Topic Gap: Image Distribution By Article Topics
I computed a topic for each article in each Wiki based on Isaac' topic classifier, then computed the distribution of illustrated articles and number of images per articles across different topics. Below you can find the resulting plots. The bars in the bottom quadrant reflect the number of articles in a given topic.
- The most widely illustrated items are about Architecture, Food, Fashion, Transportation, and Visual Arts, with more than 50% of illustrated articles
- Articles about Europe are far more likely to be illustrated than articles from Africa, Asia and South America, with only about 30% of illustrated artlces for Africa vs around 50% for Europe, but once they are illustrated, they have a comparable number of images.
- Articles about women are more slightly more likely to have an image than an average item about a person!
- Articles about Movies, Books, TV, and Videogames have generally few images than articles about Architecture, Food, Fashion, Transportation and History probably due to copyrighted material?
Wikidata Visual Knowledge Gaps
I sampled 5 million Wikidata items, and extracted, for each item, the following:
- has_image: whether the item has an image or not
- coverage: the number of Wikipedia articles linking to the item. This is quantized into 4 values:
- none if 0 articles link to the item
- small if 1-10 articles link to the item
- medium if 10-100 articles link to the item
- large if >100 articles link to the item
Selection and Extension Gap: Image Distribution by Item Coverage
Here are the major insights:
- Less than 4% of Wikidata items have an image associated with them, more precisely, 3.93%.
- Less than 1/4 of Wikidata items is linked to 10 or more Wikipedia articles, around 38% has 0 links, and around 40% has between 1 and 10 links
- Items with larger coverage are more likely to have an image: in average, more than 70% of items with large coverage has an image associated with them, against only around 1% of illustrated items with none coverage.

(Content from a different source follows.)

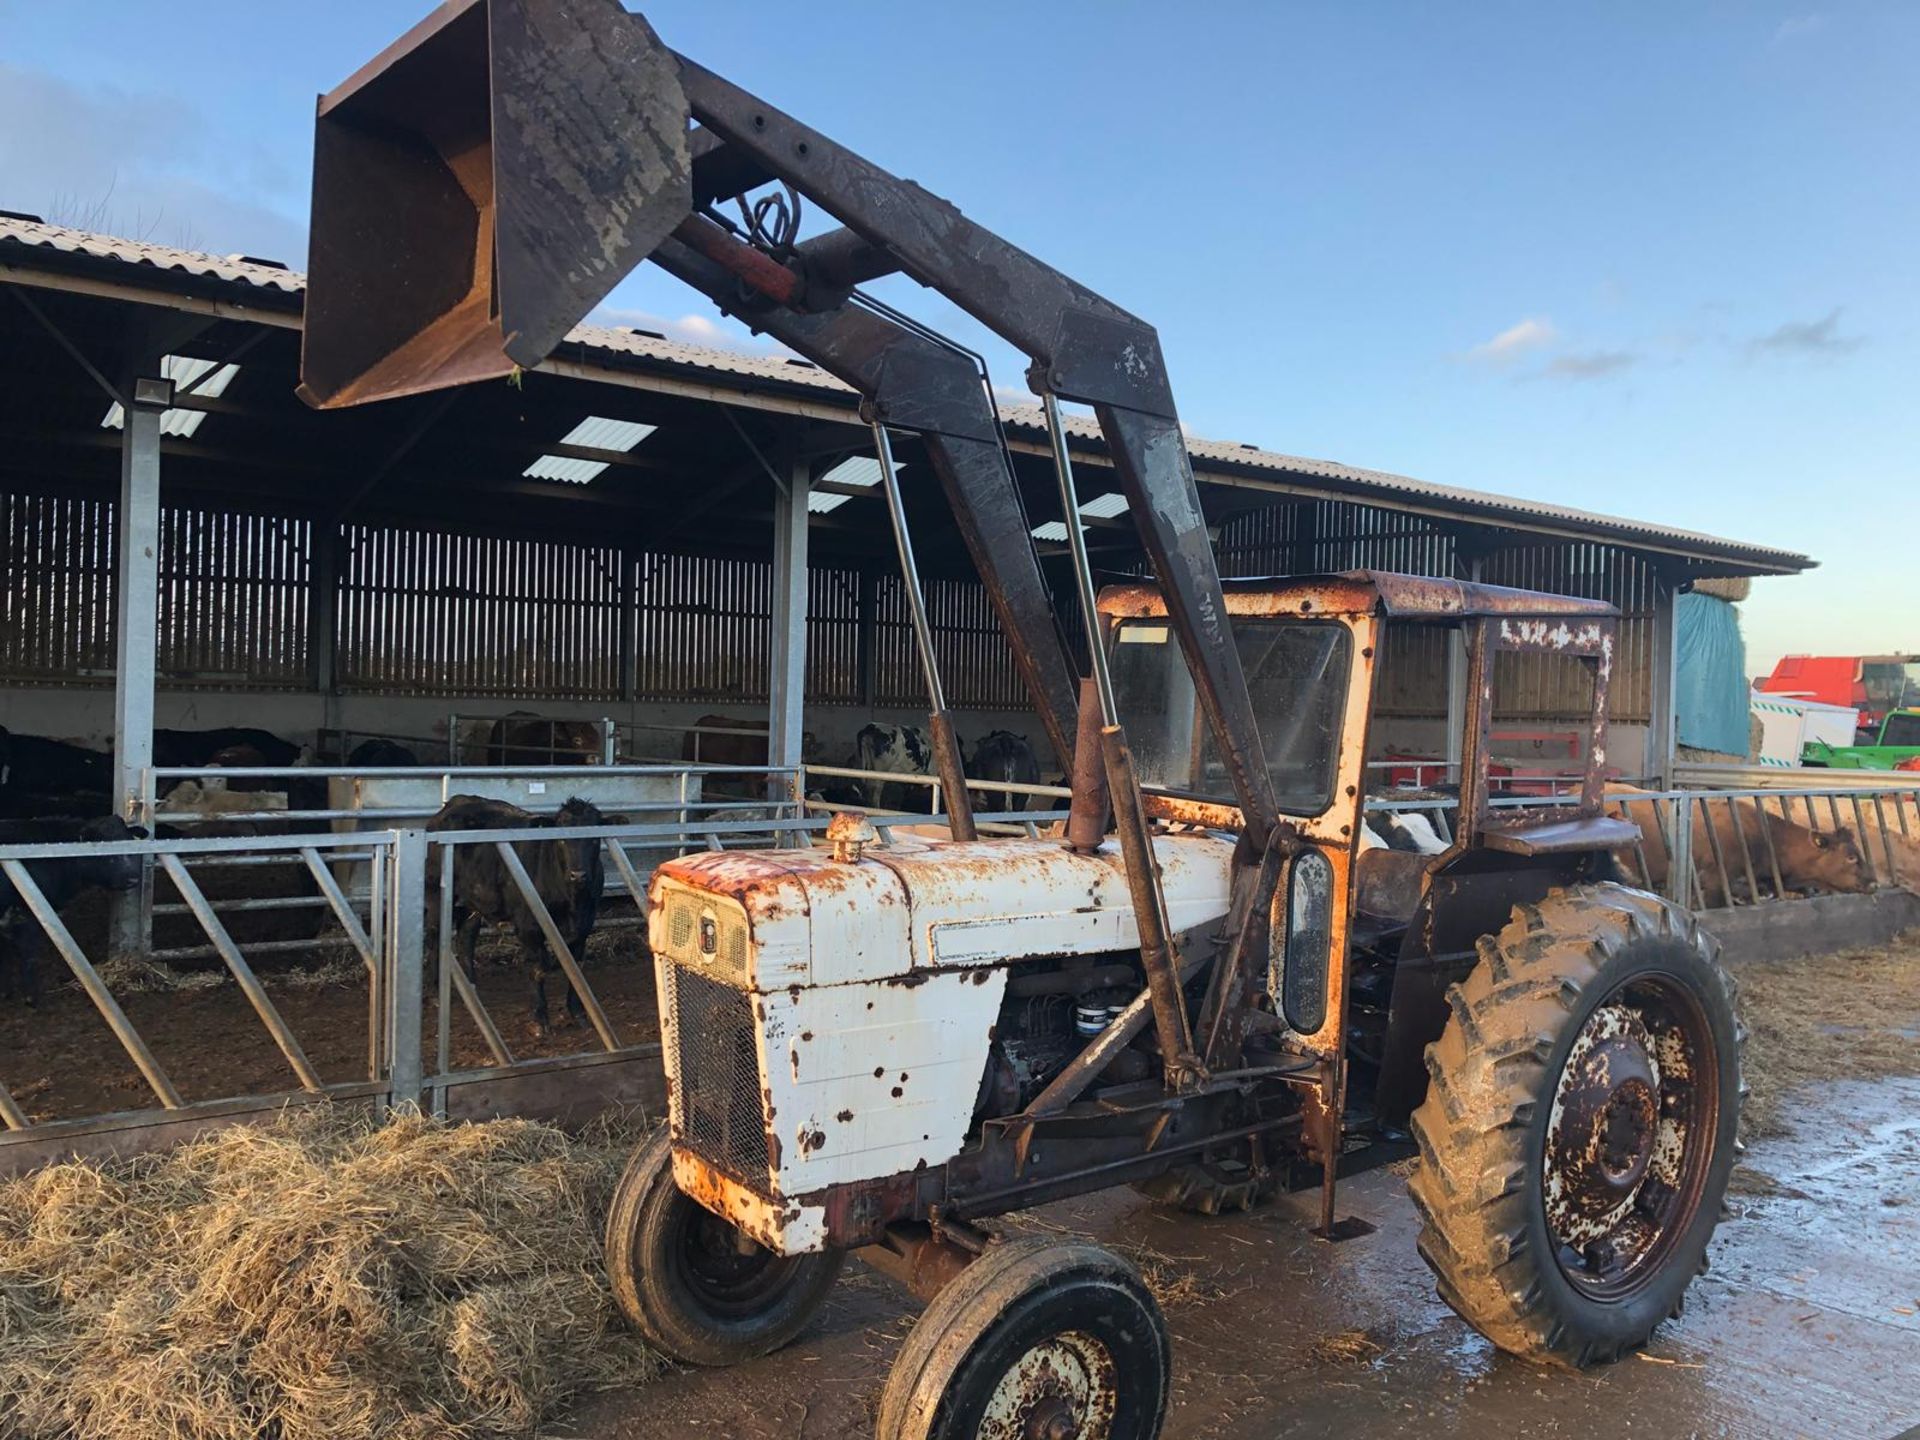 1971 DAVID BROWN 1200 TRACTOR, STARTS WITH A JUMP PACK, DRIVES AND LIFTS *PLUS VAT* - Bild 2 aus 16
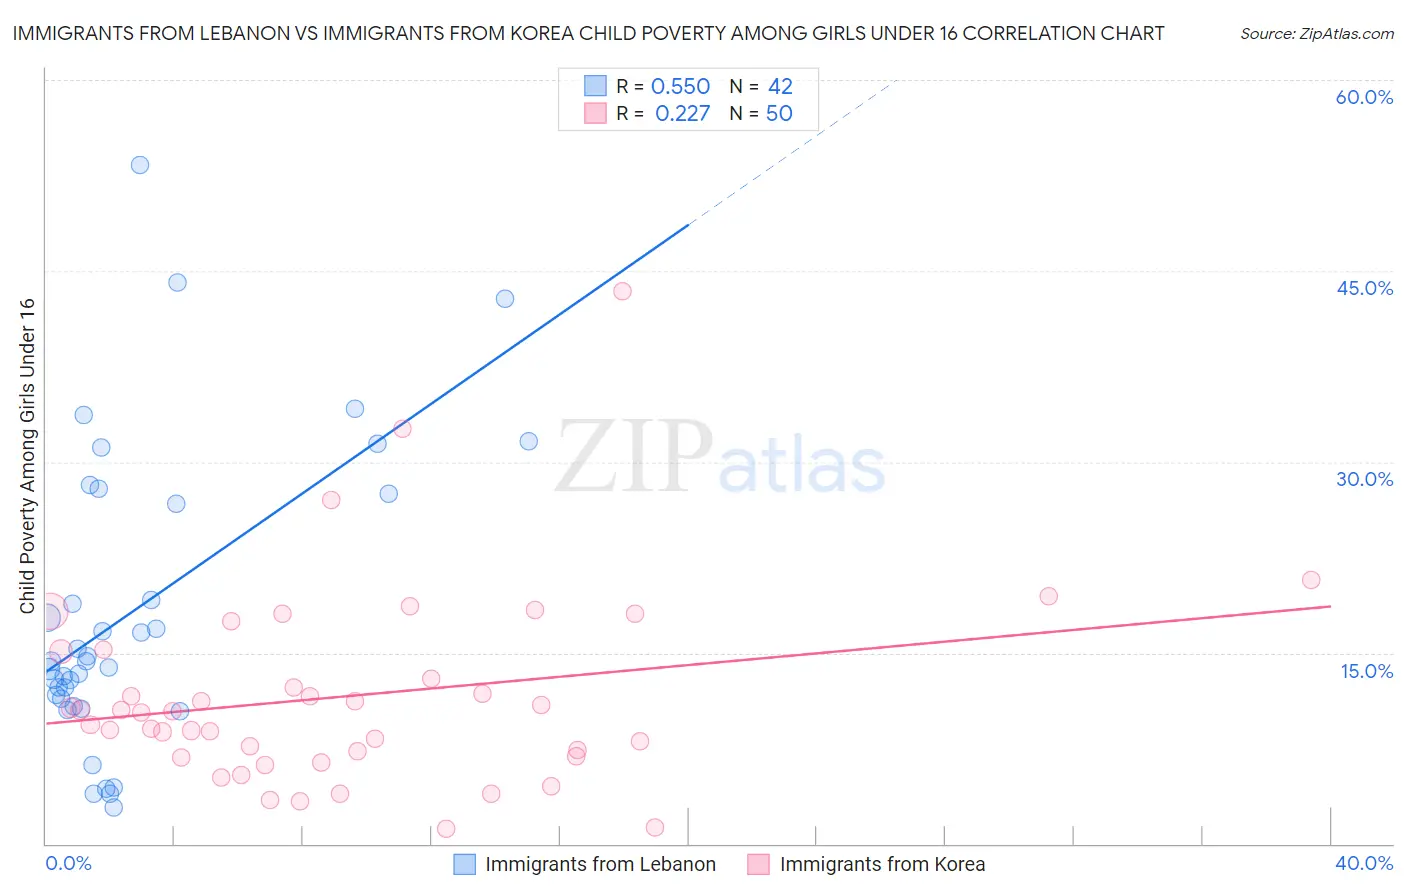 Immigrants from Lebanon vs Immigrants from Korea Child Poverty Among Girls Under 16

Topic Gap: Image Distribution by Item Topic
For each Wikidata item with at least 1 link to Wikipedia (e.g. small, medium, and large coverage) I associated one or more topics using the method based on @Isaac's Wikidata topic classifier.
Results are reported below and are similar to what seen for Wikipedia:
- The most widely illustrated items are about Food, Transport, Fashion, Engineering, and Visual Arts, between 55 and 75 percent of items in these categories are widely illustrated.
- Items about Europe and America are far more likely to be illustrated than items from Africa, Asia and South America, with only about 20% of illustrated items for Africa vs 50% for Europe
- Items about Movies, Books, TV, and Videogames are rarely illustrated**, probably due to copyrighted material?
- Items about women are more likely to have an image than an average item about a person!, with 53% of illustrated items about women, vs 50% of illustrated articles about people overall
- For some areas, such as Biology, Chemistry and others, there is a mismatch between Wikipedia and Wikidata image coverage, to investigate this further, we should understand the proportion of unillustrated Wikipedia articles for which we have Wikidata images, and partition it by topic.